I sniffle, not realizing that tears have escaped me until I feel the wetness on my cheeks. I wipe at them and then hug Jax tighter. “I just hate that we wasted so much time.”

He rubs my back and kisses my temple. “We can’t go back, but we can make the most of every moment going forward. Let’s buy a house.”

Stunned by his proposal, I pull back to look up at him. “A house?”

He nods. “One of those down Wicker road, the ones you’ve always wanted with a large porch and yard. Lots of bedrooms for the kids we’re going to fill it with.”

I want nothing more. I want it so badly, but it’s still just a fantasy. I scrunch my nose. “Let’s wait first.”

Jax frowns. “For what?”

“To see if I can even get pregnant.”

The look he gives could only be described as if I stabbed him.

“What? I’m just saying let’s not make a big decision until we know for sure,” I try to explain. I can feel Jax’s contempt and his hurt for me. Am I being irrational? In my heart, it feels right to wait.

“I want the house with you either way,” he says.

I nod, looking away. “I know that. I just don’t know if I can live in an empty house with the reminder so loud.”

There’s another tug in my heart, and his own sorrow reflects mine.

“Alright. We’ll wait. So, my apartment or yours?”

I snicker, turning back to run my hands over his chest. I’m a little sore between my legs, from being stuffed full of his knot last night, but I want him again. “Yours. Too many lonely memories in mine.”

He raises an eyebrow. “We could get a new one altogether?”

Shaking my head, I hook my leg around him and rock my center against his legs, wanting more. His cock twitches to life on my hip.

“I like yours.” I like that he filled it with reminders of us, as if he was just waiting for me to come home one day. I blow out a breath and trace his jaw with my fingers.

“I have to say something.”

His eyes watch me cautiously, and it tugs at my heart a little. I never want to see that look on his face again, but I know I caused it so I have no one to blame but myself.

“I’m sorry. I wish?—”

“Marley, there’s nothing?—”

“Let me get this out.” I shake my head. “We can disagree on the semantics, but I need to say this to you.”

Jax’s throat bobs, and there’s a sting of hurt that worms in my heart that I know is coming from him. It’s hard to describe other than fear of what he thinks I’m about to say.

My tongue drags across my lips. “I’m sorry.

I’m sorry that I…how I left without talking to you.

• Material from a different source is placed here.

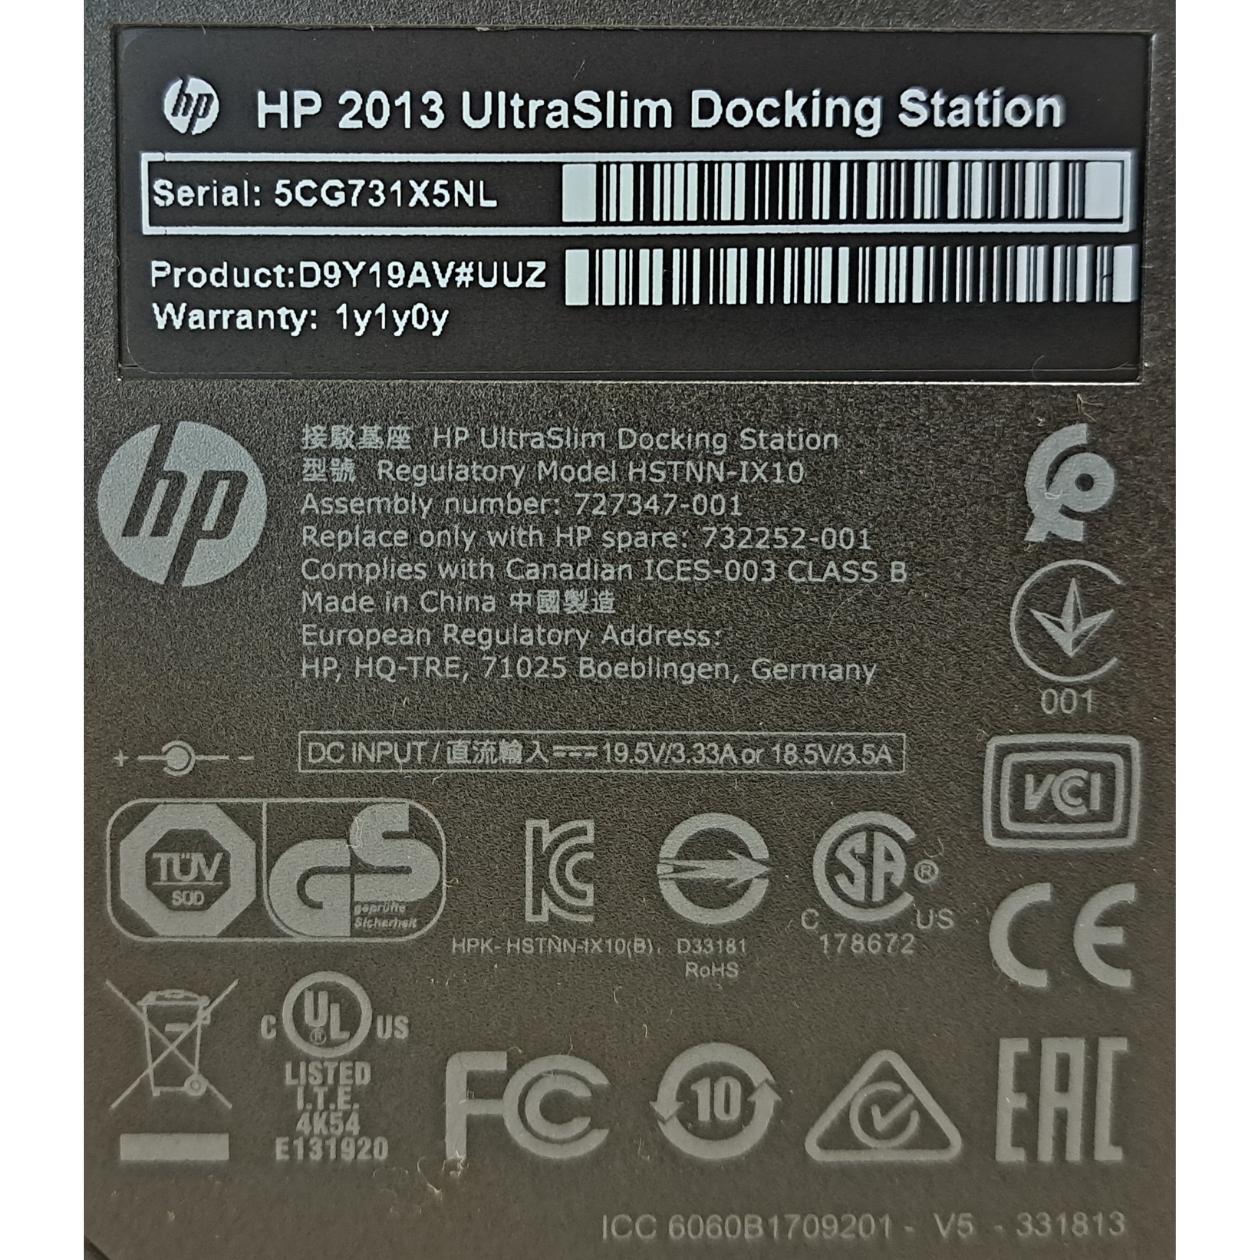 HP Dockingstation 2013 Ultraslim - Gebraucht - Sehr gut

It seemed easier at the time, like you were too stubborn to see what I could.

And I didn’t stop to think that maybe I was being the stubborn one, and I’m sorry I hurt us the way I did.

And I’m sorry that—” My throat is swelling with the urge to cry as tears prick my eyes.

Jax holds me closer, shushing me. “It’s okay. I don’t need apologies. I just need you, Marley. Just giving us a chance is all I need. And okay maybe, yes…this time we can talk about things before running away.”

A shaky, hiccuped laugh bubbles out of me, and he smiles down, kissing the tip of my nose.

“I know you’re sorry. And I’m sorry I waited so long. Let’s just focus on moving forward, okay?”

I nod, and he kisses my nose again before moving down to brush against my lips.

“I love you. I always have.”

My heart thuds faster with happiness, and I rock my hips against him, wanting more than just words at this moment. I want to feel him on every inch of my body. I pull his face closer, teasing the seam of his lips with my tongue. “And I love you. Thanks for waiting for me.”

He rolls me onto my back, lining up his cock to my hole and thrusting home.